# New Predator Magazine



## SWAMPBUCK10PT (Apr 5, 2010)

*Received Free a Fur & Fang Predator Magazine yesterday--Its New--Liked the articles-----Thanks to APC for the Mag*


----------



## pokeyjeeper (Sep 5, 2013)

Yeah I got one too but didn't have a chance to look at it yet thank you apc


----------



## prairiewolf (Feb 19, 2012)

I didnt get one !! lol


----------



## youngdon (Mar 10, 2010)

I got a Predator Xtreme......


----------



## SWAMPBUCK10PT (Apr 5, 2010)

*I also got the PX but that was a few weeks ago now they sent out Fur and Fang----first addition --looks like it will be a good magazine*


----------



## Mo Mo (Sep 16, 2016)

Where can I get a copy?


----------



## Bigdrowdy1 (Jan 29, 2010)

Got my Fur and Fang Monday so far I like it. Probably gonna subscribe to it. Have a scrip for Predator X.


----------



## 220swift (Mar 2, 2011)

http://furandfangs.com/


----------



## Bigdrowdy1 (Jan 29, 2010)

Hell I liked this mag so much I pulled the trigger on a years scrip for .99 the first year. Good mag with good reads.

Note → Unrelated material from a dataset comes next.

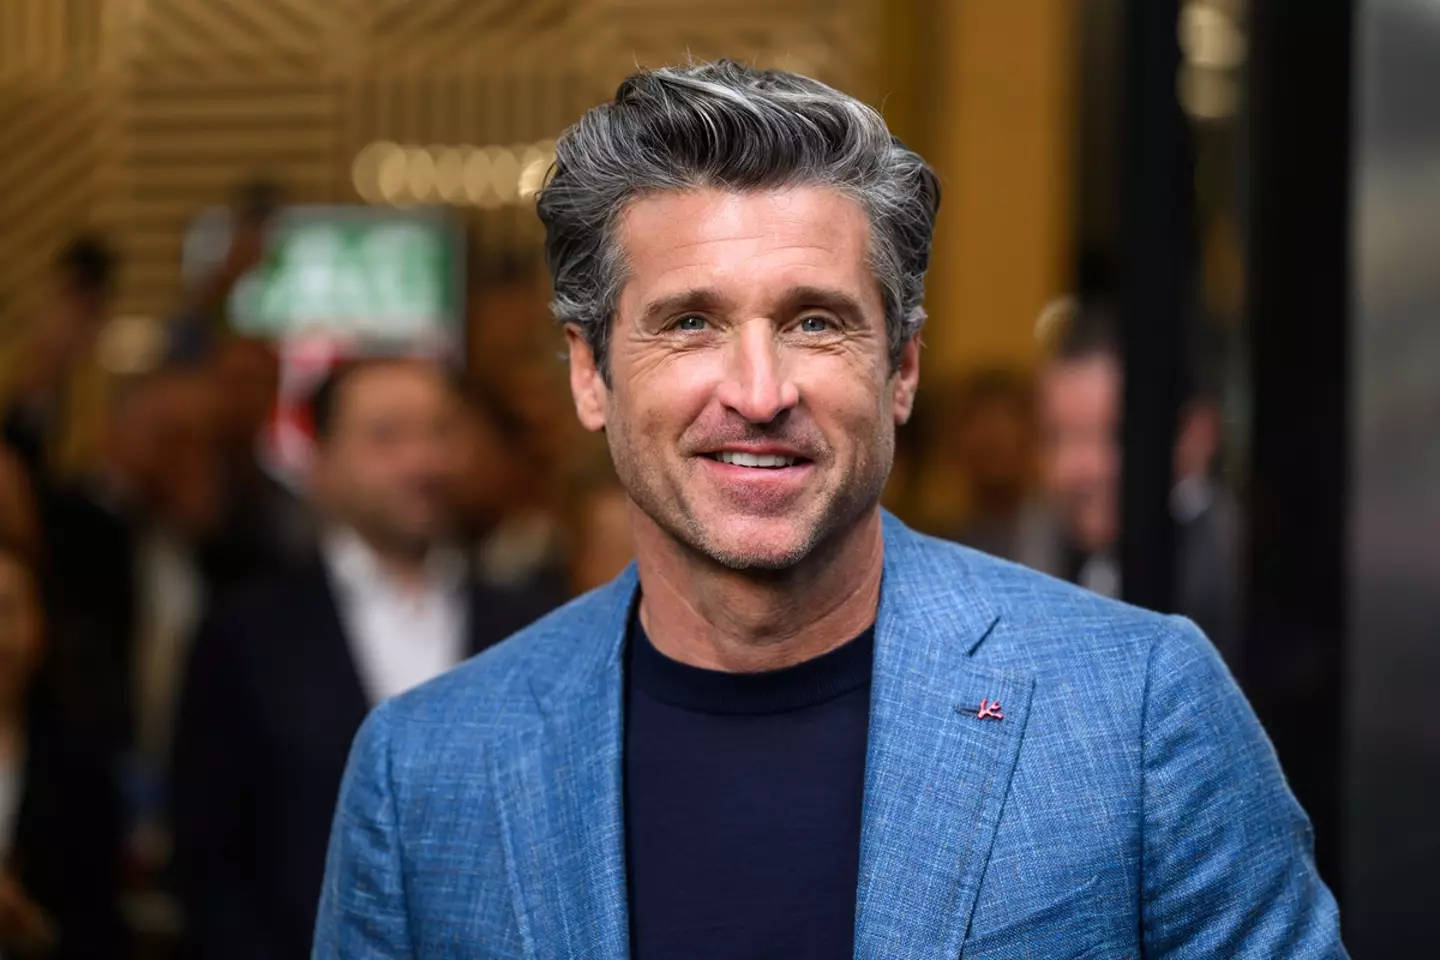 Patrick Dempsey is set to star in a brand-new series. (James Gourley/Getty Images)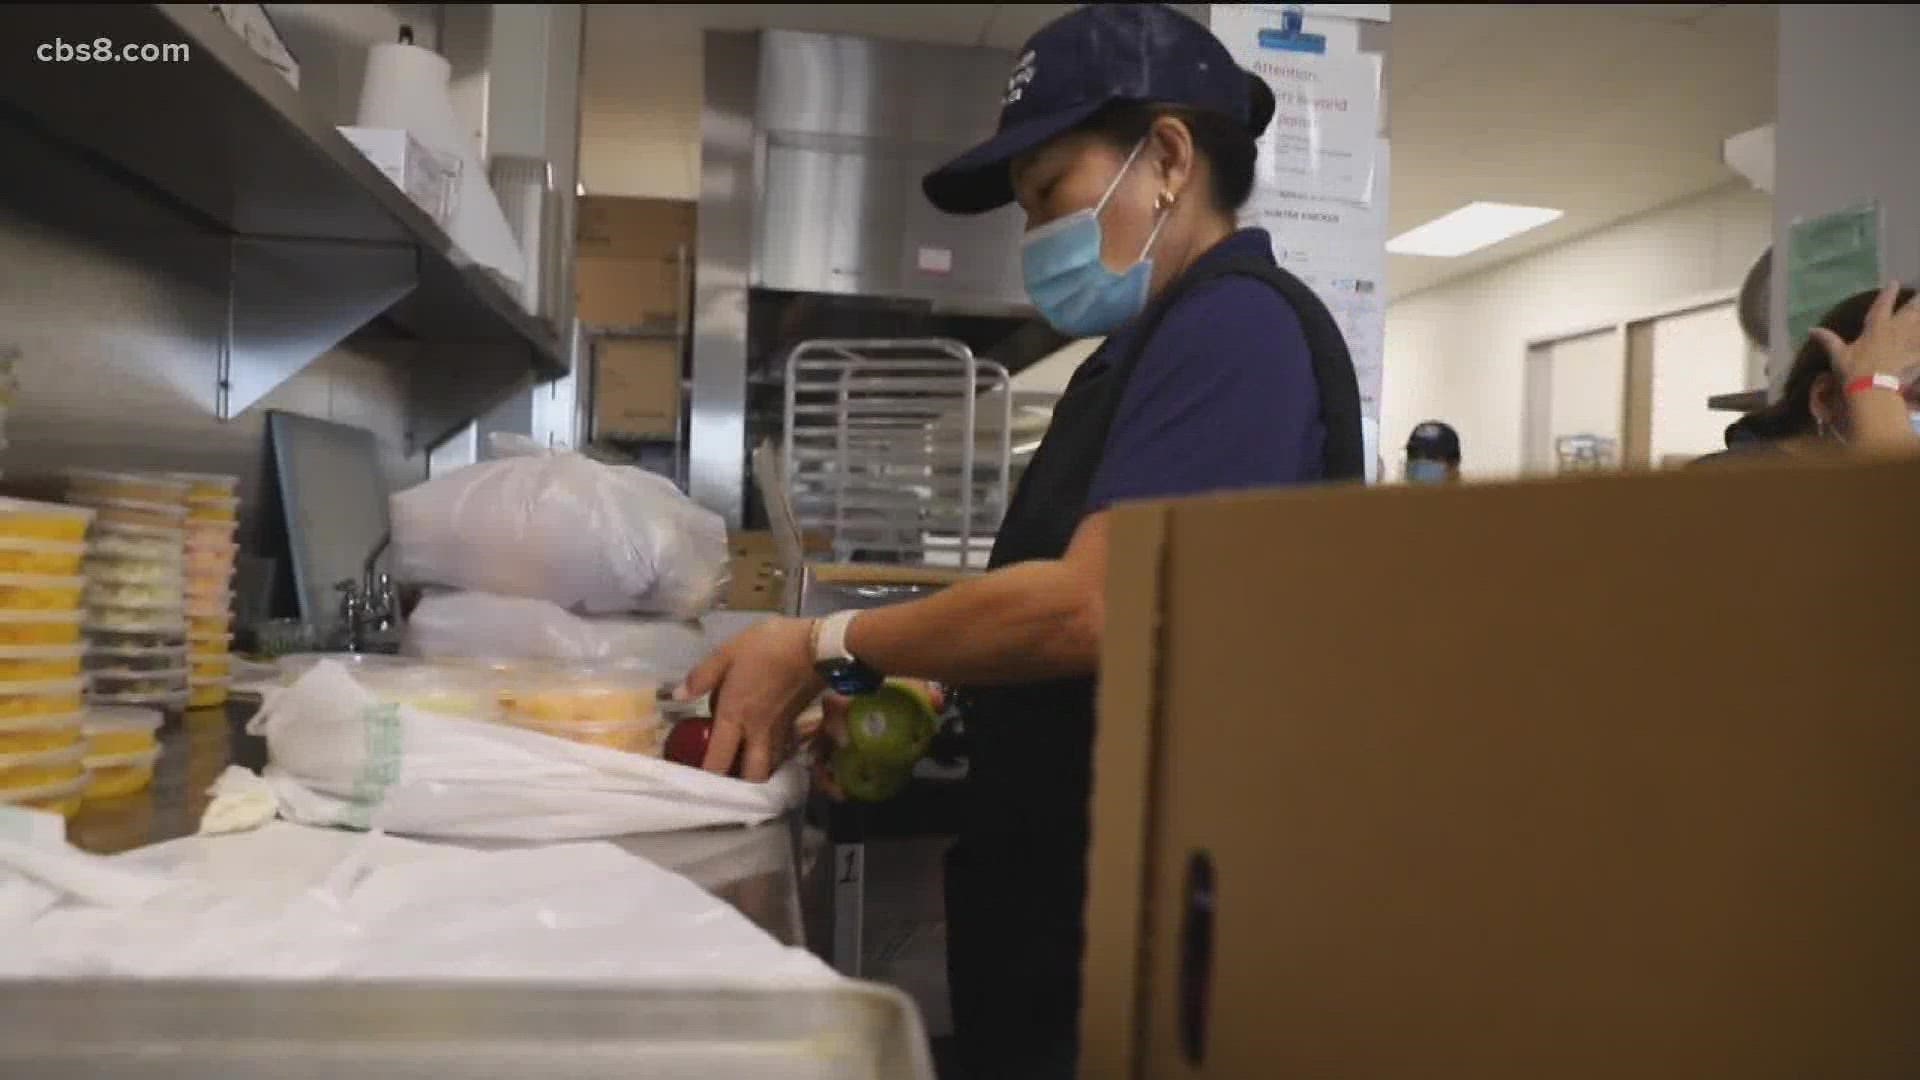 Increased cost of living and gas prices are driving up demand for food but non-profits are losing volunteers.

Not an over aboundent amout of advertising to start with.


----------



## 220swift (Mar 2, 2011)

I'll probably do the same thing tonight, I just don't like the "automatic renewal"...............


----------



## Bigdrowdy1 (Jan 29, 2010)

I don't care for the automatic renewal but hell i can forget for a couple years and still come out ahead!!. If I dont like it I will durn sure cancel it after the first year if the advertising gets stupid or it falls short of my expectations.


----------



## 220swift (Mar 2, 2011)

Same here.............


----------